Bir ülkede veya bir bölgede nüfusun şehir veya kırlarda yoğunluk kazanması o ülke veya bölgenin sosyo-ekonomik durumunu da yansıtır
. Sanayileşmiş ileri ülkelerde nüfus şehirlerde yoğunlaşmıştır. Ekonomisi tarıma dayalı ülkelerde ise nüfusun önemli bir bölümü kırsal alandadır. Sosyal yapı bakımından da şehir ve kır toplumu arasında büyük farklar bulunmaktadır. Şehirlerde yaşayan insanlarda geleneksel kültür ve davranışlar önemli ölçüde erozyona uğramaktadır. Kır nüfusunda ise geleneksel davranışlar hakimdir. Bu nedenle hem ekonomik hem de sosyo-kültürel değer ifade eden kırsal ve şehirsel nüfus konusu ile özellikle beşeri coğrafyacılar yakından ilgilidirler.
1800’lü yılların başlarında dünya nüfusunun kabaca %3’ü şehirlerde yaşıyordu. Günümüzde bu oran %50 civarındadır. Fakat kıtalar arasında önemli farklar vardır. Örneğin; Avrupa’da nüfusun %65’i, Kuzey Amerika’da %80’i şehirlerde yaşar. Bu oran Afrika ve Asya’da %25-30 arasındadır. Kırsal ve şehirsel nüfusu birbirinden ayıran ana kriter nüfus miktarıdır. Sınır değer 10.000 kişilik nüfus kitlesidir. Nüfusu 10.000’den az olan yerleşme birimlerinin nüfusu kırsal, 10.000 ve daha fazla kişi barındıran yerleşmelerin nüfusu ise şehir nüfusu kapsamına alınmaktadır.

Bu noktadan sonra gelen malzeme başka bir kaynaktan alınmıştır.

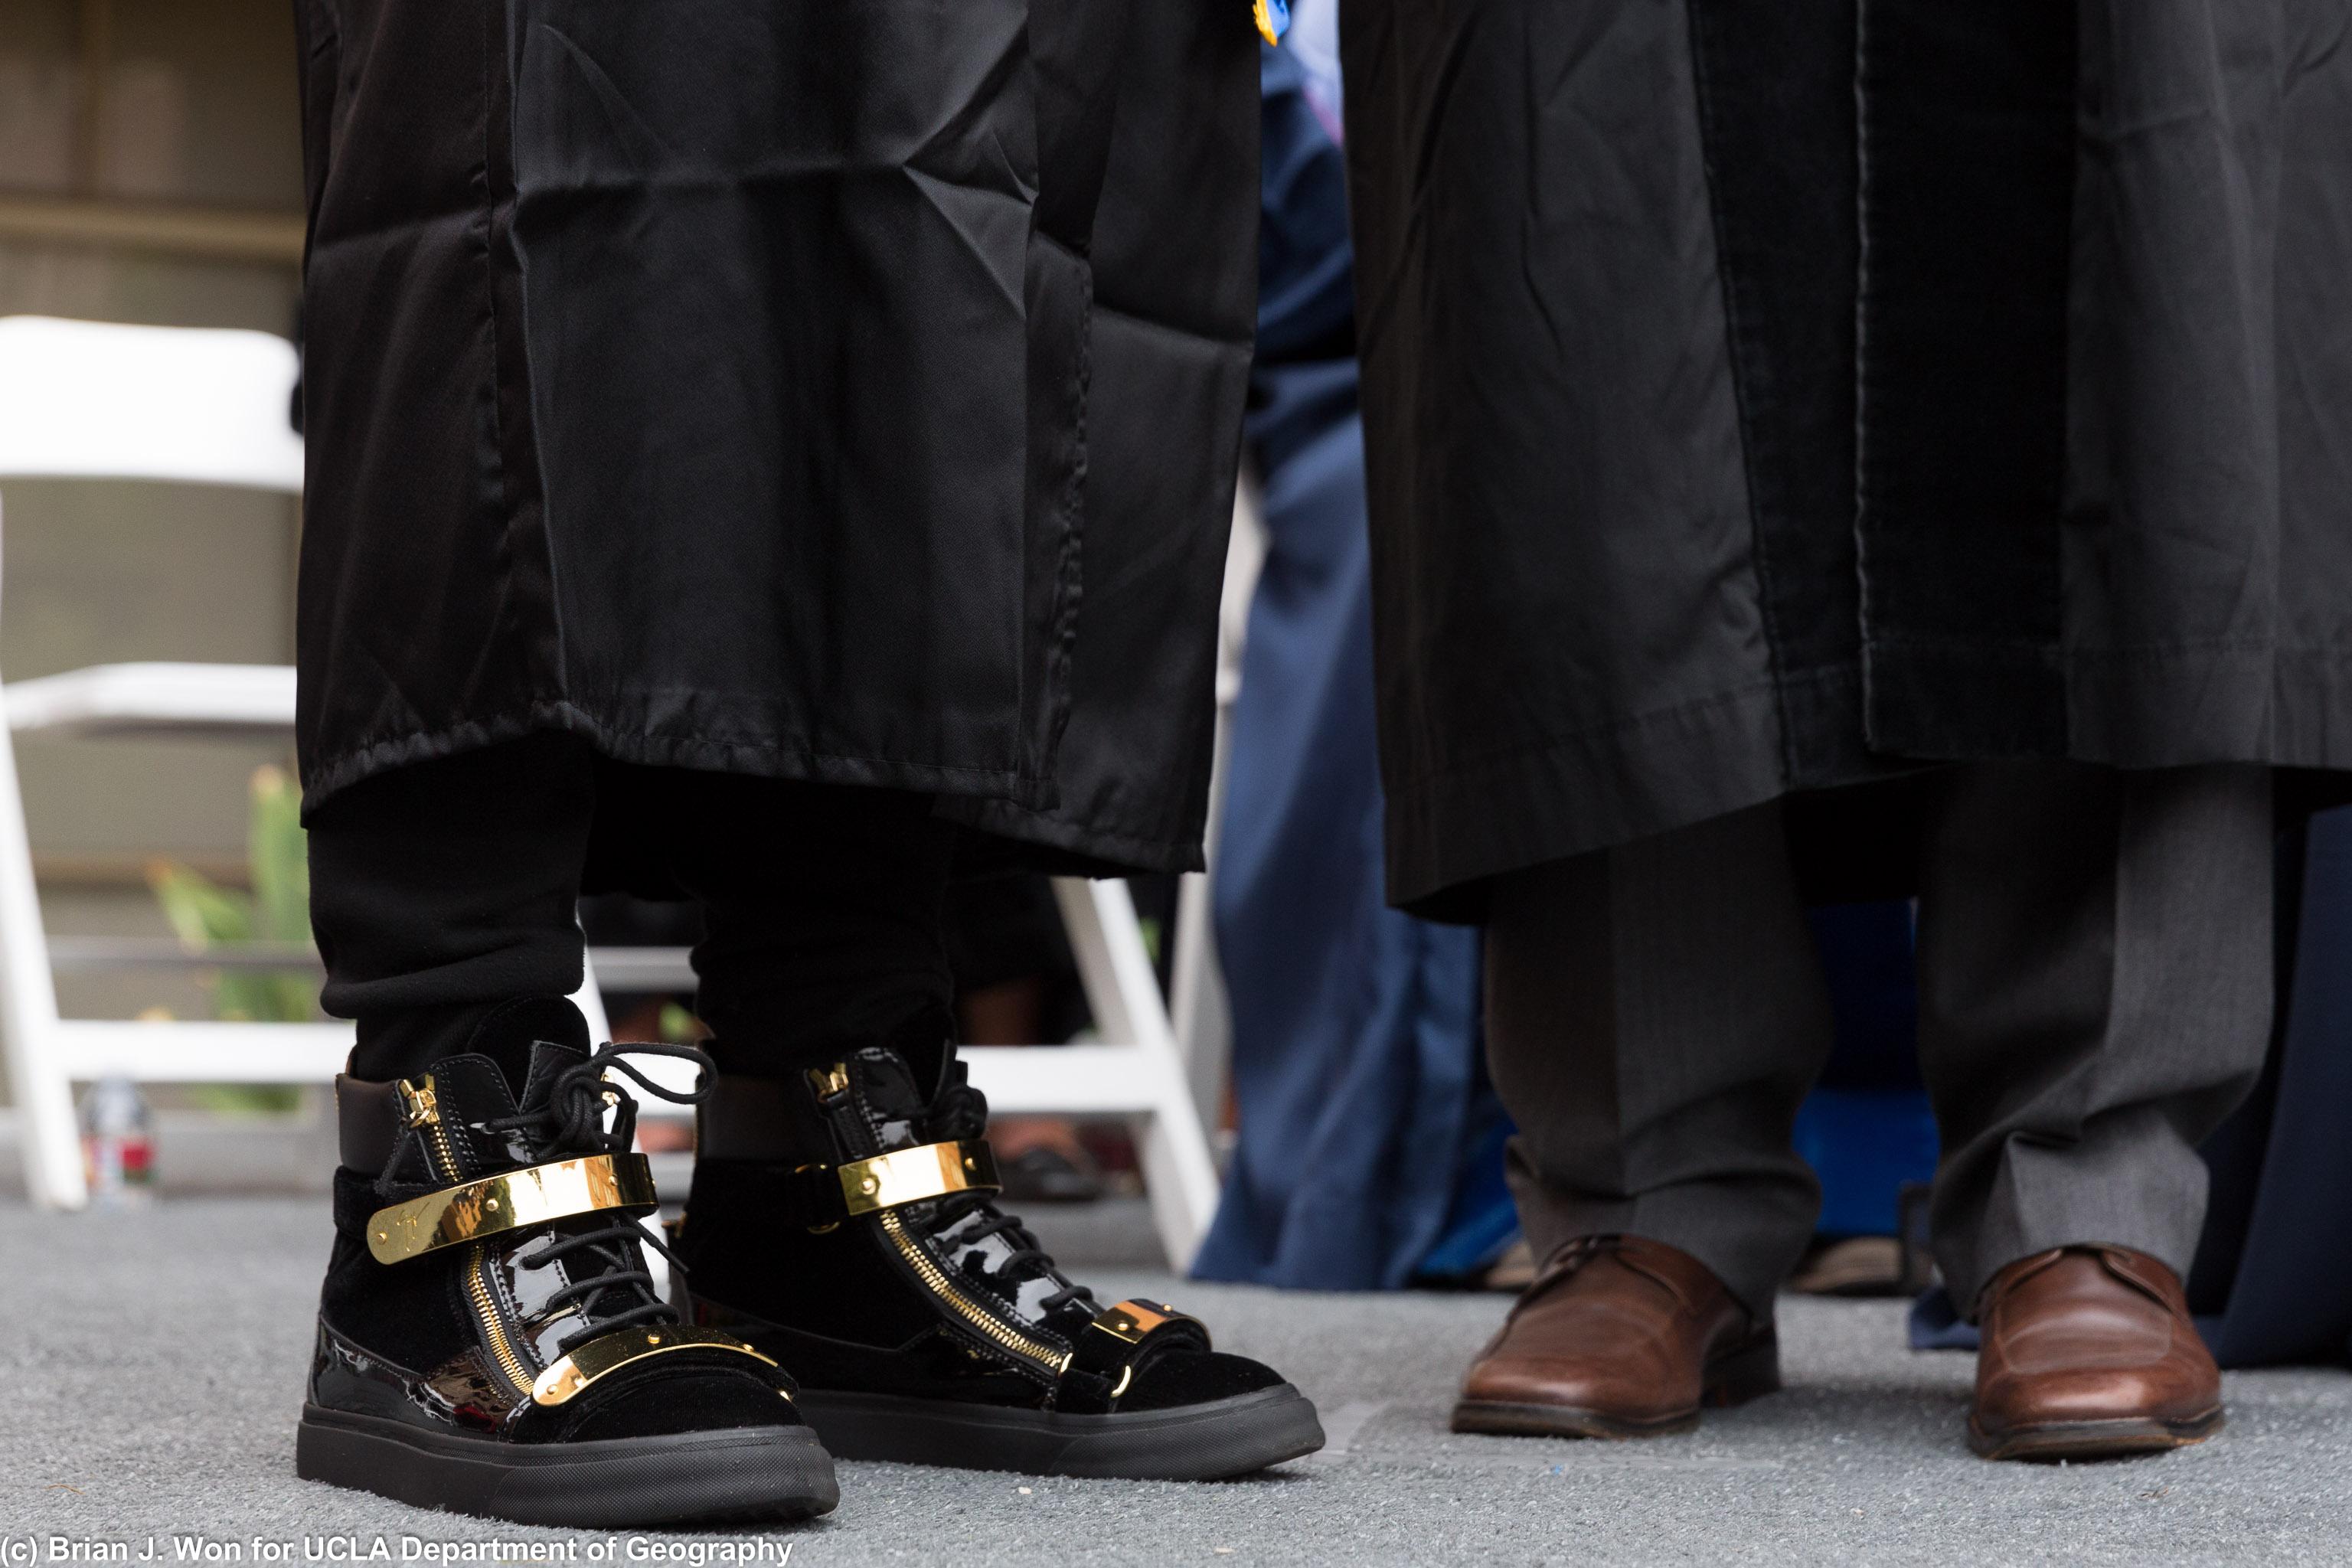 Fancy shoes for graduation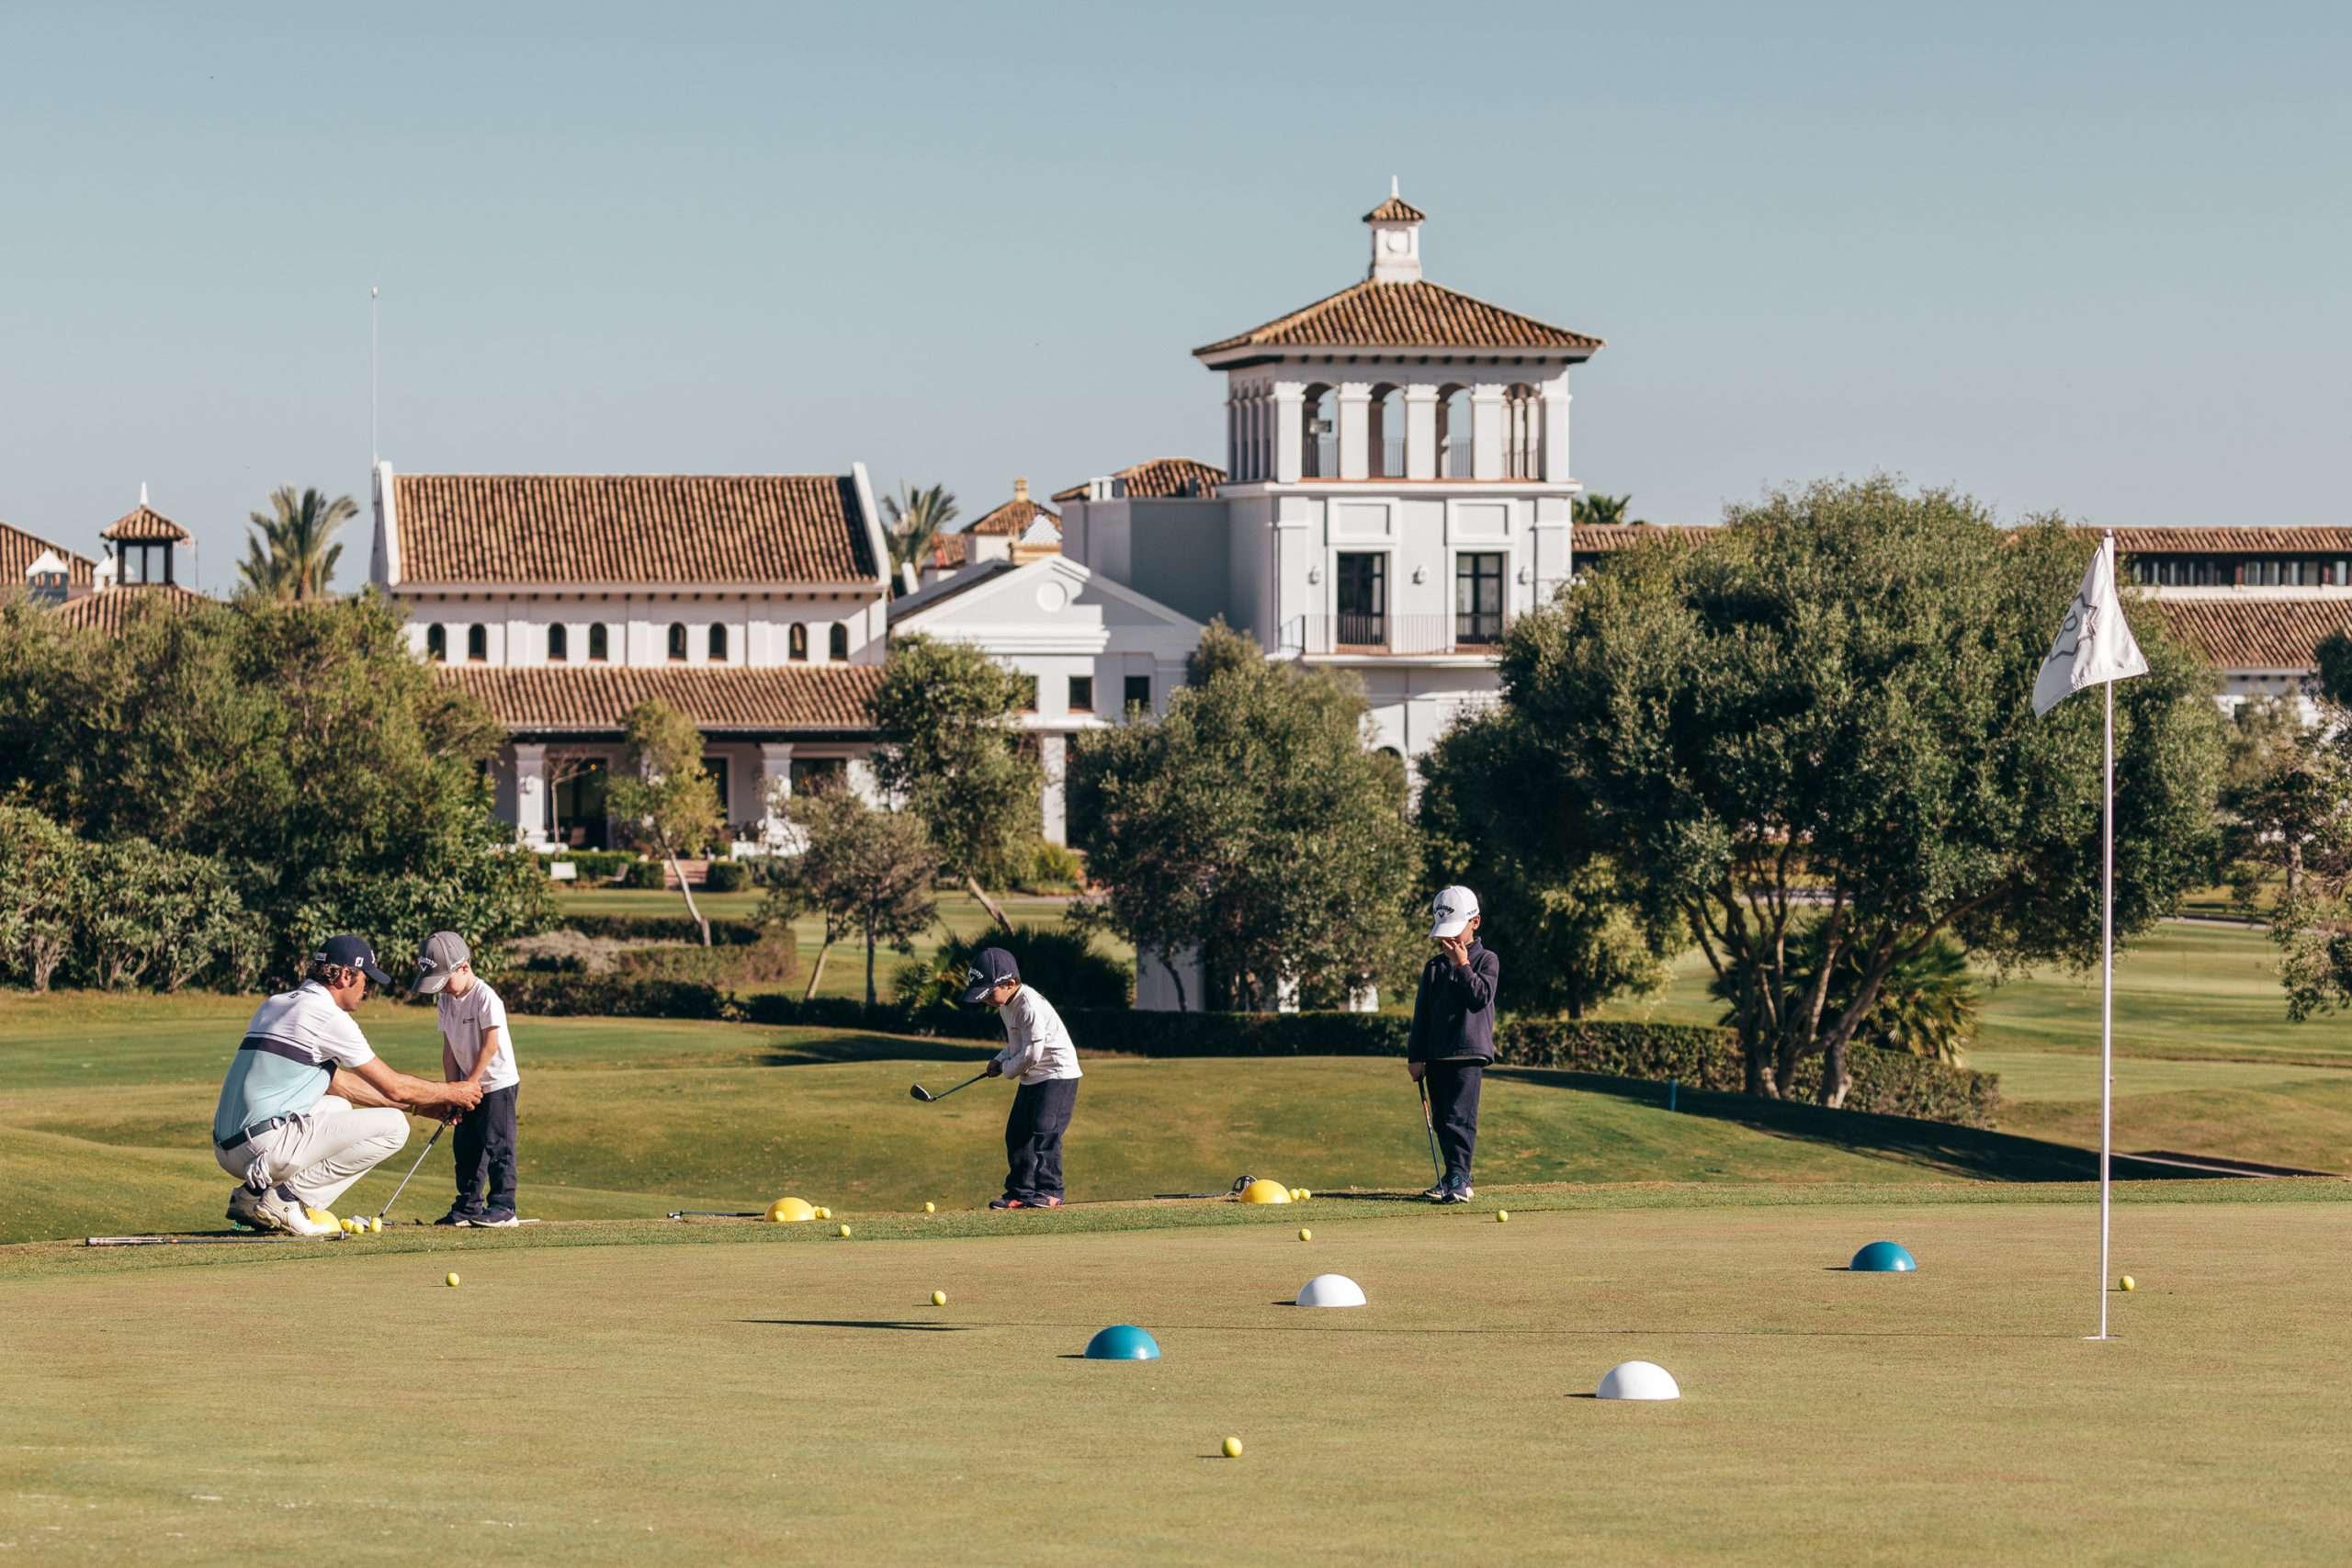 Academia de golf Sotogrande

Ülkemizde nüfusu 10.000’in altında bulunan yerleşmelerde yaşayan nüfusa kırsal nüfus adını veriyoruz. Bu nüfus kitlesinin geçim kaynağı önemli ölçüde tarla tarımı ve hayvancılığa dayanmaktadır. Bu ayrım nüfus miktarı kriteri olup, idari ayırımında on binden az nüfuslu ilçe merkezleri de şehir kapsamına alınmaktadır. Türkiye’de Cumhuriyetin ilk yıllarında kırsal nüfus, toplam nüfusumuzun büyük bir yüzdesini meydana getiriyordu. 1927’de 10.000 kriterine göre, ülkemiz nüfusunun
%83.8’i kırsal, %16.2’si şehirsel yerleşmelerde yaşıyordu. Kırsal nüfusun bu hakimiyeti etkisini giderek kaybetmesine rağmen, 1970’li yılların sonlarına kadar devam etmiş ve ilk olarak 1980 nüfus sayımında şehir nüfusu, kır nüfusundan daha fazla sayıya ulaşmıştır.
Kır-şehir nüfus ayrımına coğrafi bölgelerimiz açısından bakılacak olursa Marmara Bölgesi’nde nüfusun %75’ten fazlasının şehirlerde yaşadığını, buna karşılık Karadeniz Bölgesi nüfusunun ancak %30’unun şehirli olduğu göze çarpar. Karadeniz dışında şehirsel nüfusun kırsal nüfusun altında kaldığı diğer bölgeler ise Akdeniz ve Doğu Anadolu bölgeleridir.
Kuşkusuz Türkiye’nin nüfusu artarken sadece şehir nüfusu değil, kır nüfusu da artış kaydetmiştir. Her ne kadar şehirsel nüfus karşısında kırsal nüfusun oransal olarak azaldığı görülüyorsa da, mutlak değer olarak devamlı artış söz konusudur. Kır-şehir nüfusumuza ait yukarıda verilen genel değerlendirmelerden sonra ülkemiz için aşağıdaki sonuçları maddelemek mümkündür (10.000 kriterine göre):
- Türkiye 1950’li yılların başından itibaren hızlı bir şehirleşme sürecine girmiştir ve bu süreç halen devam etmektedir.
- Şehirsel nüfus, 1927-1990 yılları arasında yaklaşık on beş kat artmış, buna karlışık kırsal nüfus 2.2 kat artmıştır.
- 1950-90 arasındaki dönemde şehirsel nüfus artışı, ülkemiz ortalama nüfus artışının iki misli gerçekleşmiştir. Kır nüfus artışı ise ortalama nüfus artışının yarısı kadardır.
- Toplam şehir nüfusumuzun hemen hemen yarısı beş ilde (İstanbul, Ankara, İzmir, Adana ve Bursa) toplanmıştır.
- Ülkemizde 1990 sayımına göre, nüfusu 10.000-50.000 arasında olan 286, 50.000-100.000 arasında 59, 100.000-500.000 arasında 36, 500.000’in üzerinde ise 7 idari yerleşme birimi mevcuttur.